Hence my request about if any such thing would be at all "feasible" and, 
if so, of the kind of knowledge that would be necessary.


P. S.
I am intrigued by Trivedi's comment that "specialized macros will need a 
lot of maintenance". Could you elaborate?

Brophy's point that one "would have to decide exactly what mathematical 
structures and symbols needed to be included" is exactly to the point. 
Fortunately, it isn't much.

Even though Breitenbucher's students are a world away from mine, I will 
look up your site. I will also avail myself of the permission you gave 
me to write you.


>Alain Schremmer>
>>Would it be possible to design some sort of micro LaTeX package that 
>>could be put in the hand of beginning math students for them to 
>>communicate with their teacher?
>>Of course, the students I am thinking of already have trouble with 
>>Word's math editor.
>>In other words, it would have to be completely macro driven from a much 
>>simplified "LaTeX panel" in TeXshop.
>>What I am asking is what kind of work would be involved and what 
>>background would be necessary.
>Let me try to steer away from that path.

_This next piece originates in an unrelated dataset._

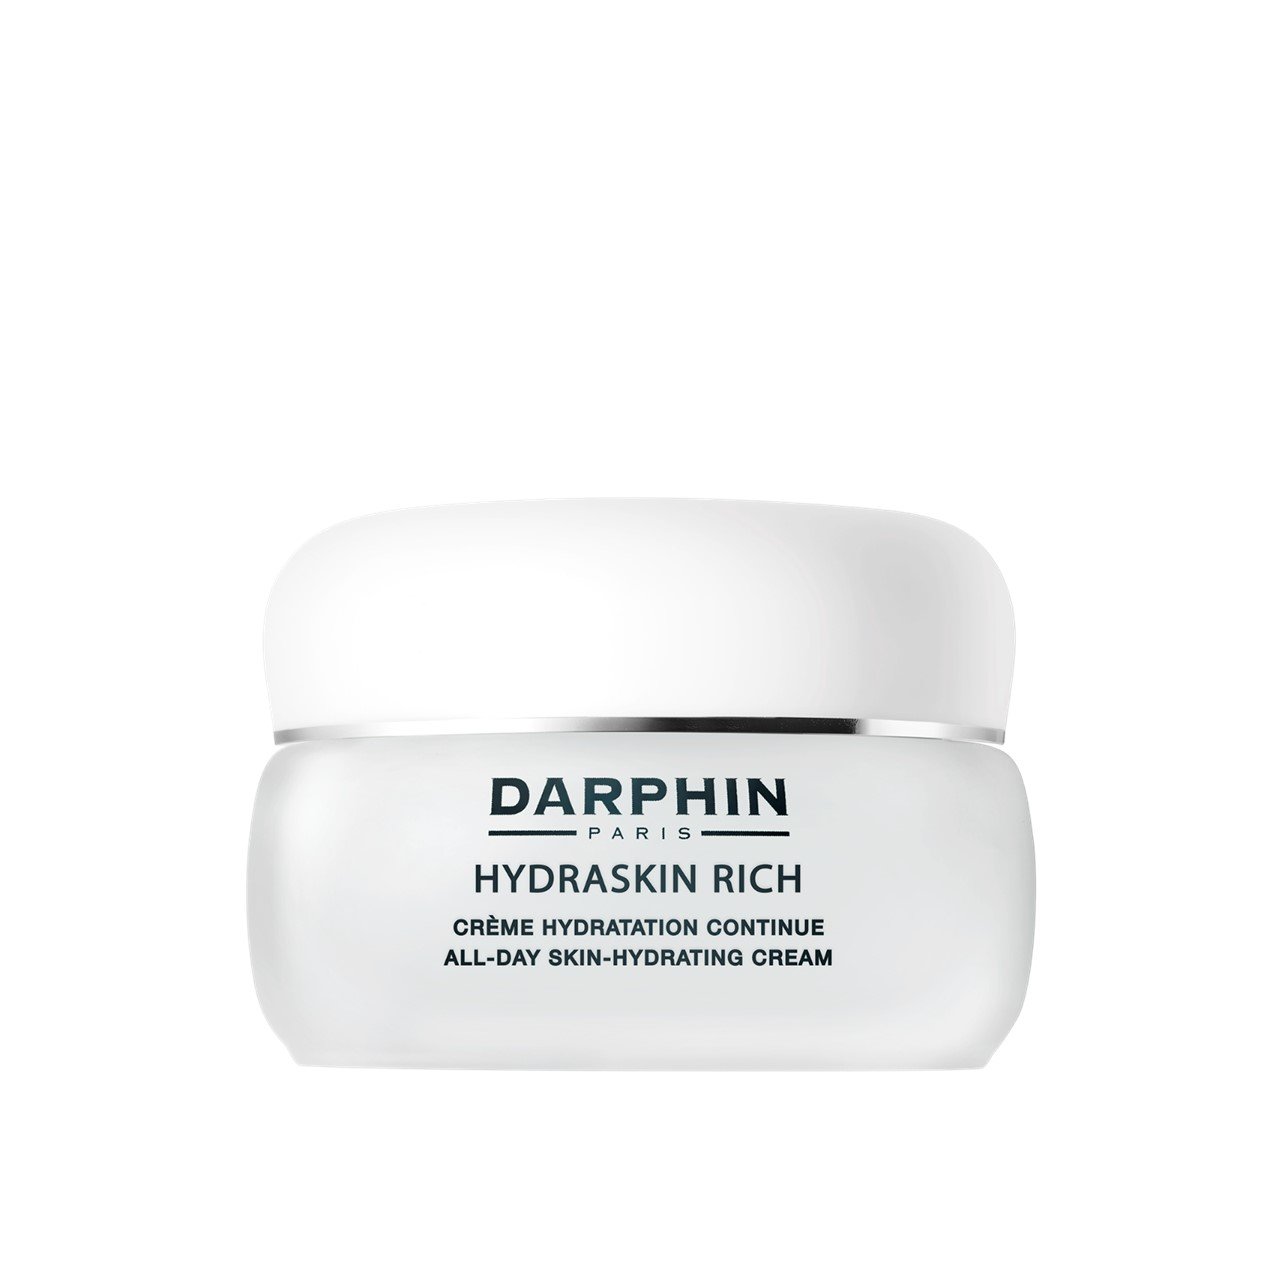 Darphin Hydraskin Rich All-Day Skin-Hydrating Cream 50ml (1.69fl oz)

Here's why:
>1) Students dont learn "LaTeX". If they ever need to use it again, they will have to relearn LaTeX.
>2) Your specialized macros will need a lot of maintenance. I often find that first attempts at solving user issues are never the last ones.
>My suggestion:
>1) Use one class to show them how to do basic stuff that you expect them to do. Show them how to use the latex environment (in your case gwTeX + TeXShop).
>2) Give them a copy of The Not So Short Introduction to LaTeX. Or atleast give them the link to it. 
>Make sure they have the tables which tells them how to typeset \alpha, \sum, etc.
>3) Mentionthe verbatim environment. If there are some hard things they cannot figure out, they can use it (only inthe beginning) to have a crude output. They can change that when they learn more.
>I beieve this is a better solution in the short term and in the long term. It will create more independent LaTeX users.